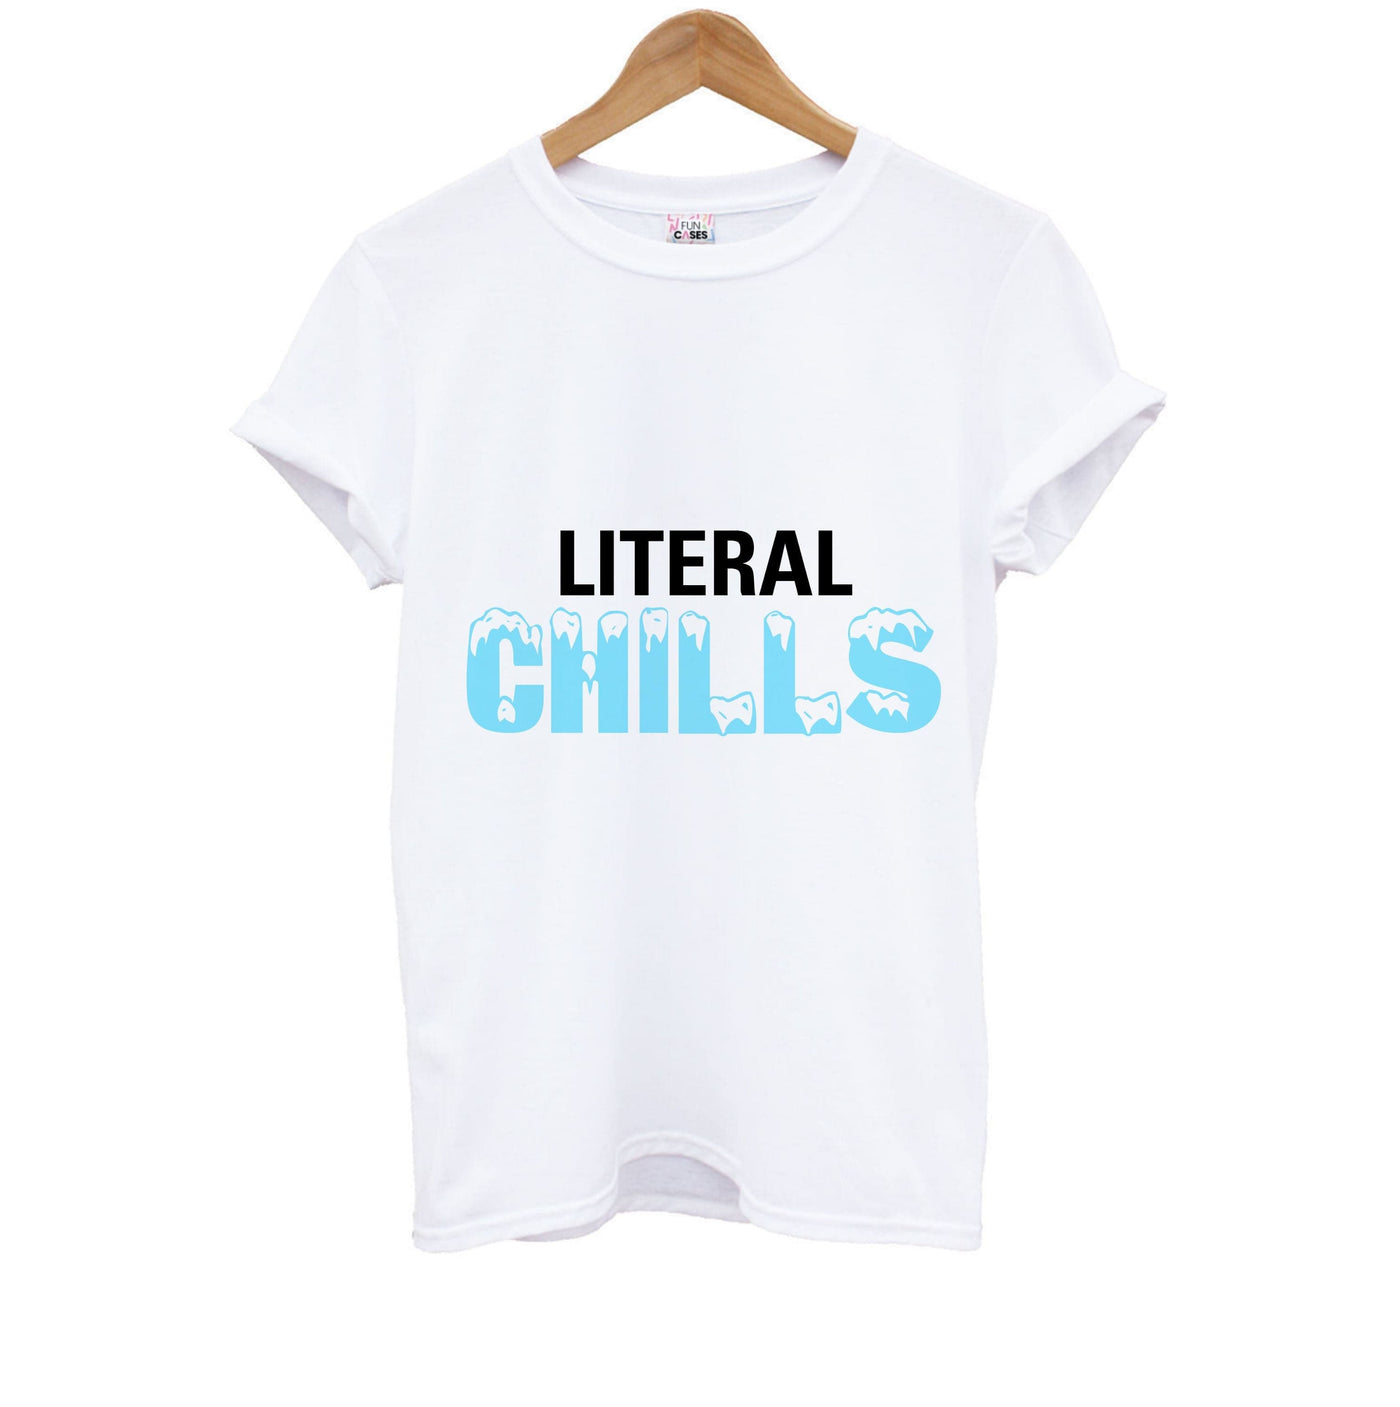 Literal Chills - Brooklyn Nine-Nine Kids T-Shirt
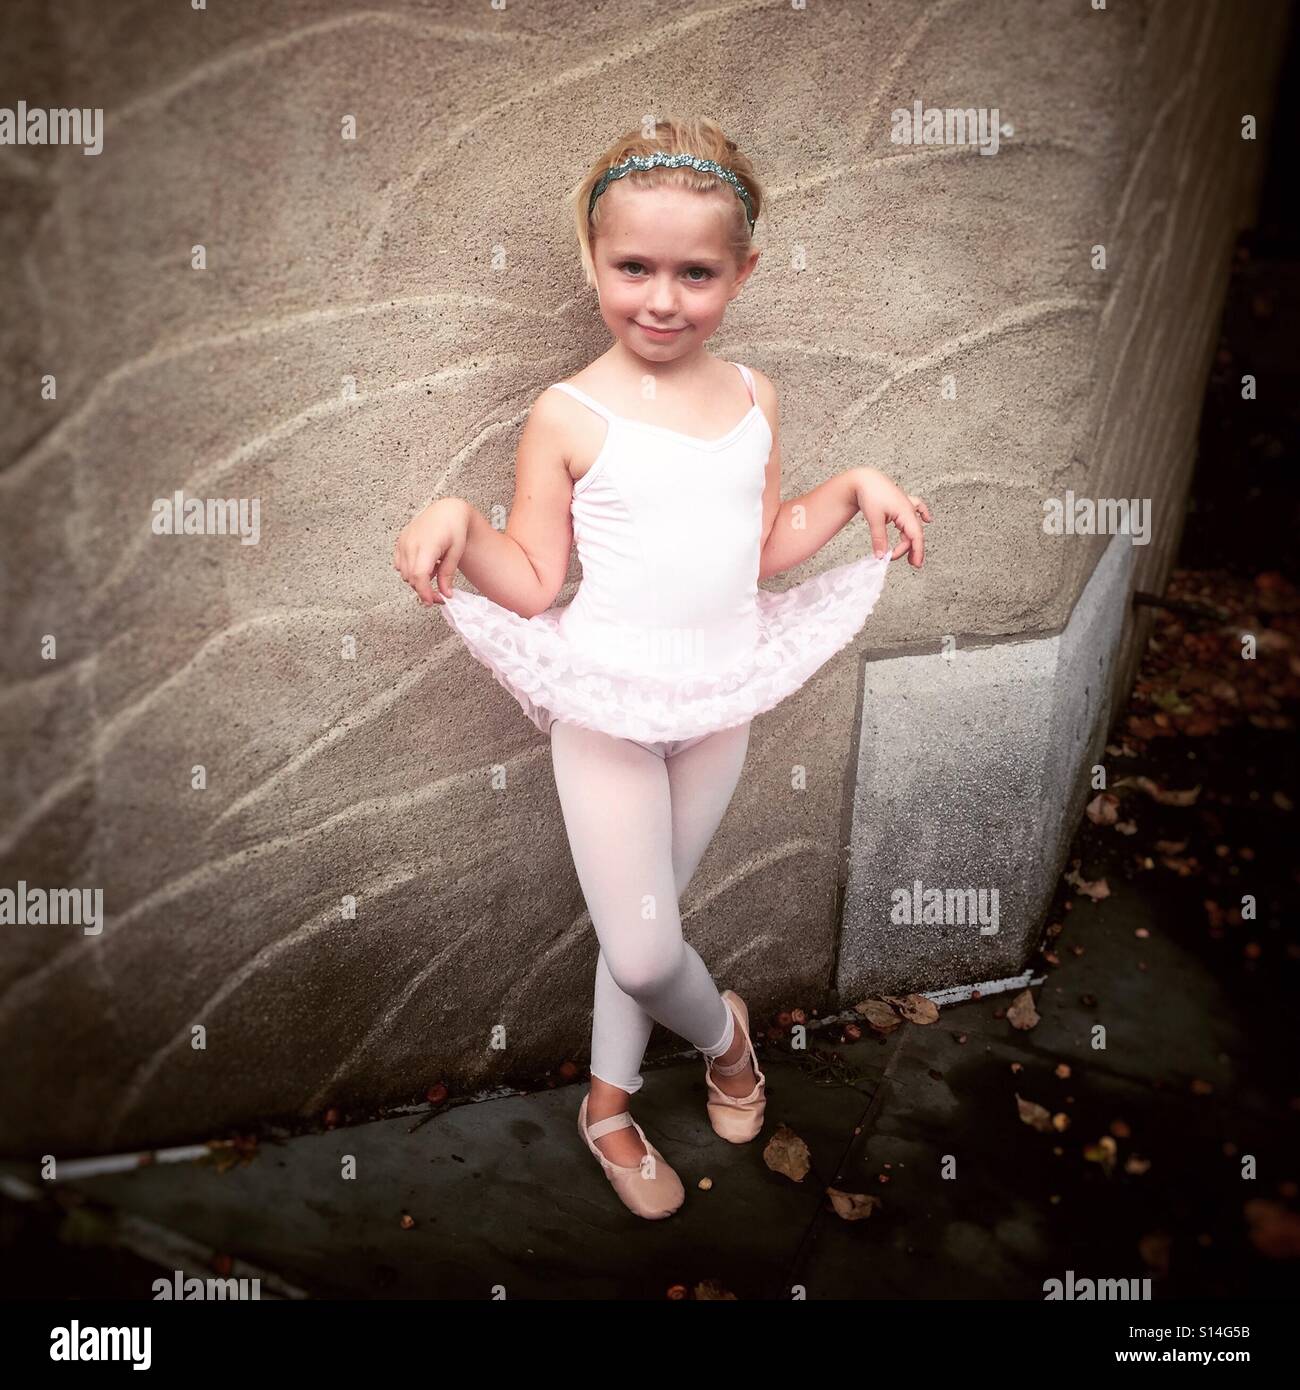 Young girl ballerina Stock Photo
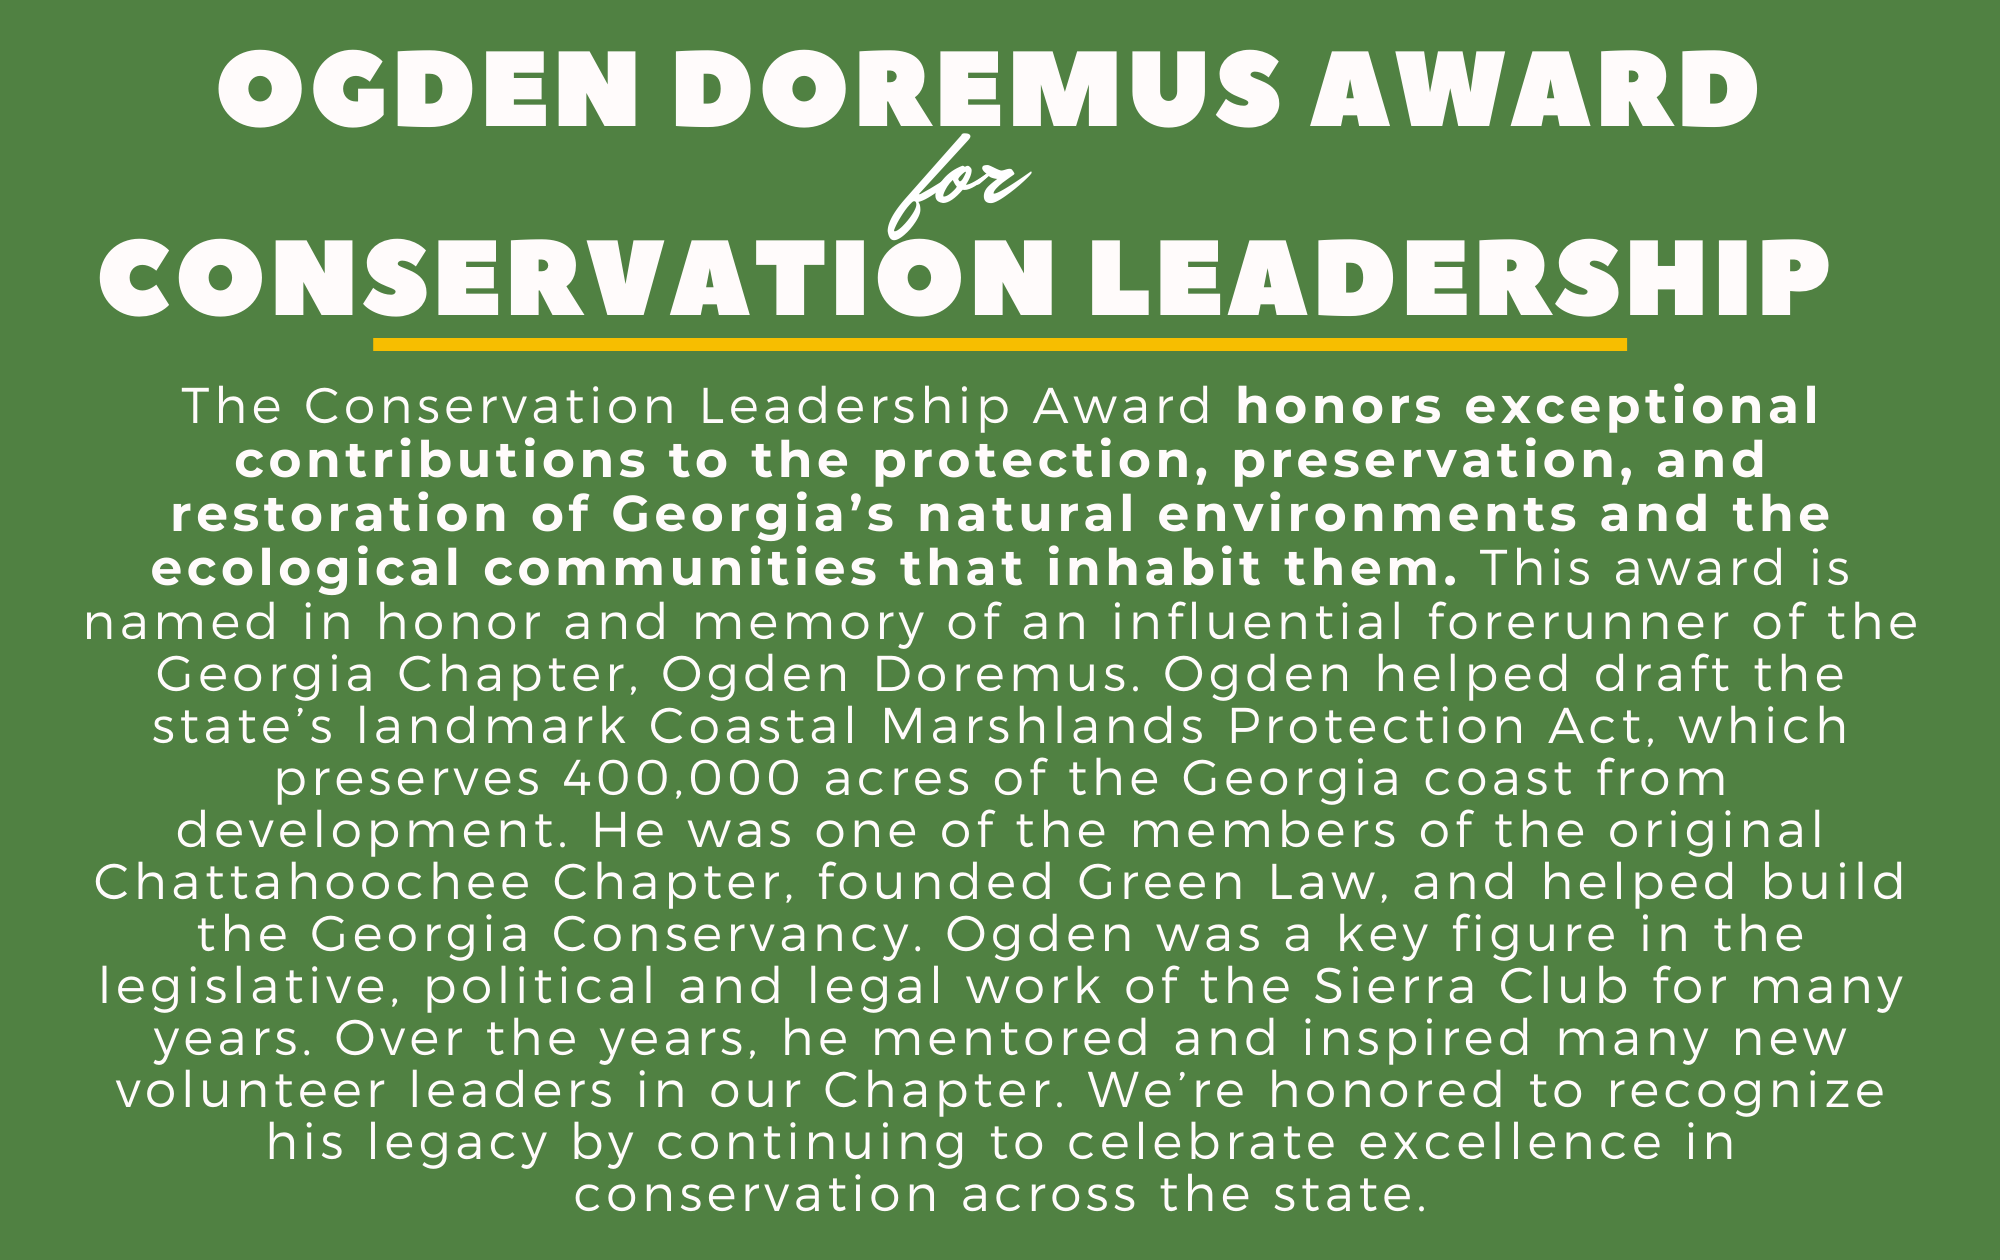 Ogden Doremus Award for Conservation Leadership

——

Copy everything in the listing above exactly except the pictures.

**TASK SOLUTION:**
 Literal Chills - Brooklyn Nine-Nine Kids T-Shirt
 Young girl ballerina Stock Photo
 Ogden Doremus Award for Conservation Leadership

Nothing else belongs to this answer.